Убранство их домов было безобразно, одежда вечно обтрепана, ноги в грязи. Украшения никуда не годились по сравнению с теми, что носили девушки из свиты Королевы. На краткий миг его внимание привлекла юная Мэрид, дочь Бригта: ей сравнялось тринадцать зим, и издалека она, светловолосая и сероглазая, походила на деву фаэри. Но стоило ей стать рядом и заговорить, как Бреннан отвернулся от нее с презрением. Рядом с девушками из народа Холмов бедная Мэрид казалась дурнушкой. Непонятно было, отчего соперничают за нее местные мальчишки. Особенно лез из кожи вон чумазый Бойд – однажды приятели даже увидели, как он тащил за ней бадью с водой, и осыпали его жестокими насмешками. Энгус вразумил мальчишек, строго сказав, что мужчине вовсе не постыдно трудиться по хозяйству; только несмышленые дети удирают со двора играть, вместо того чтобы нарубить дров и наносить воды. Бойд с тех пор задрал нос – как же, его назвали мужчиной. «И все-таки, – думал Бреннан, – разве Бойд мог подарить Мэрид белого как снег коня или драгоценный венец, прекраснее которого нет на свете?»

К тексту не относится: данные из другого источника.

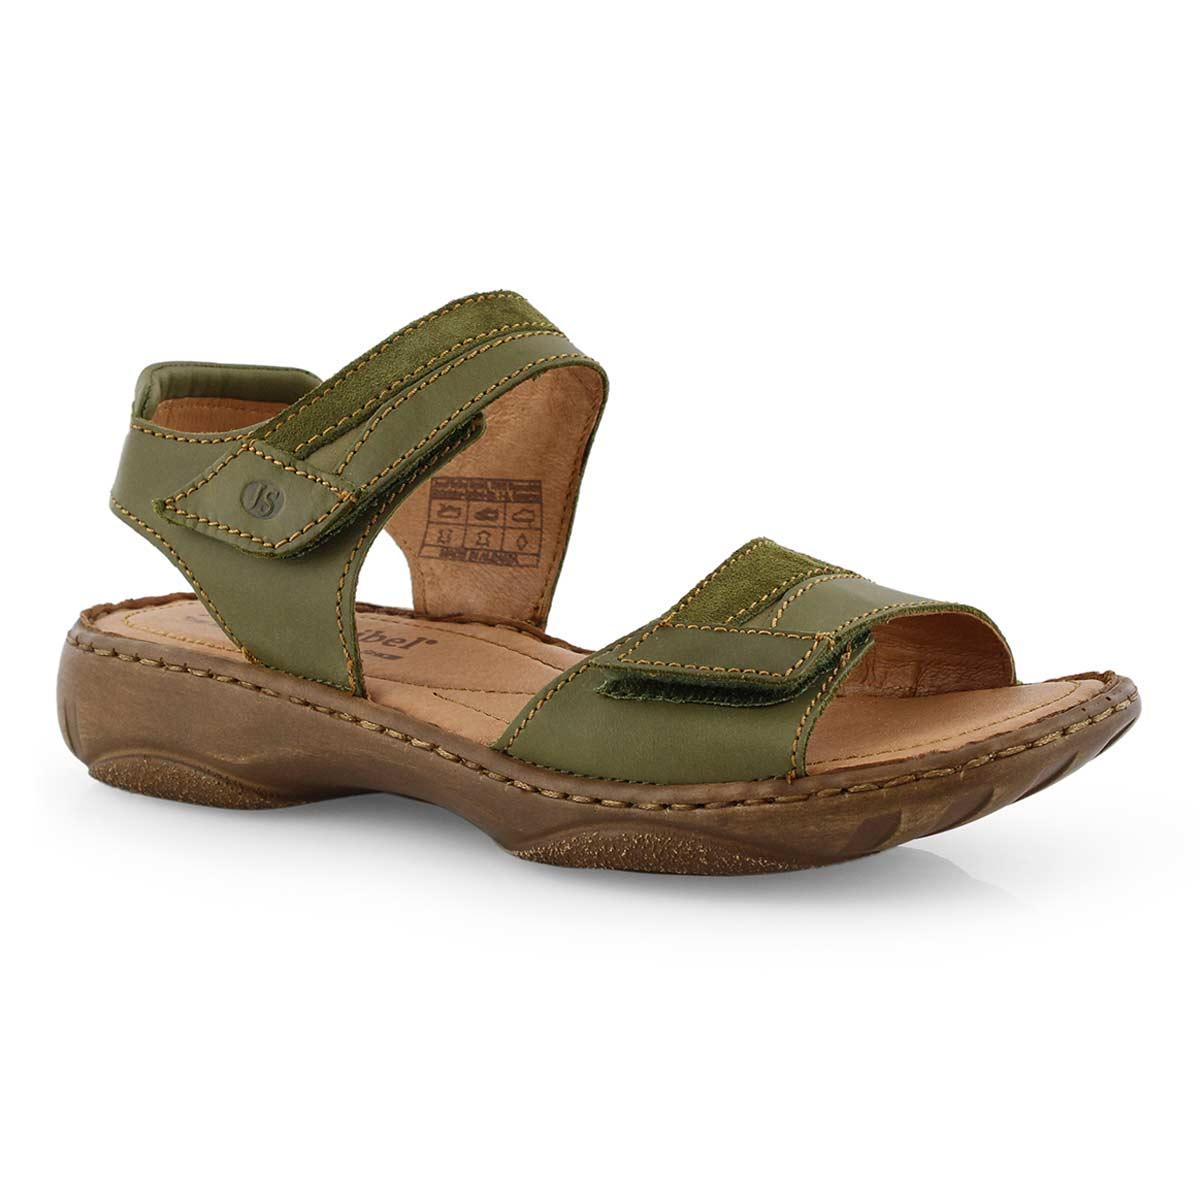 Lds Debra 19 olive casual 2 strap sandal

Когда люди пели, Бреннан едва сдерживался, чтобы не вскочить и не броситься прочь из дома. Он думал, что даже волки воют приятнее. И эти нестройные выкрики под сиплый стон дудки или бренчанье струн люди смеют называть пением! Бреннан вспоминал нежный голос Королевы, который разносился меж холмов под звуки арф. А если Король запевал охотничью песнь, его голос летел меж небом и землей, как звон литой стали.
Бреннан усмехался украдкой, и в то же время ему хотелось плакать.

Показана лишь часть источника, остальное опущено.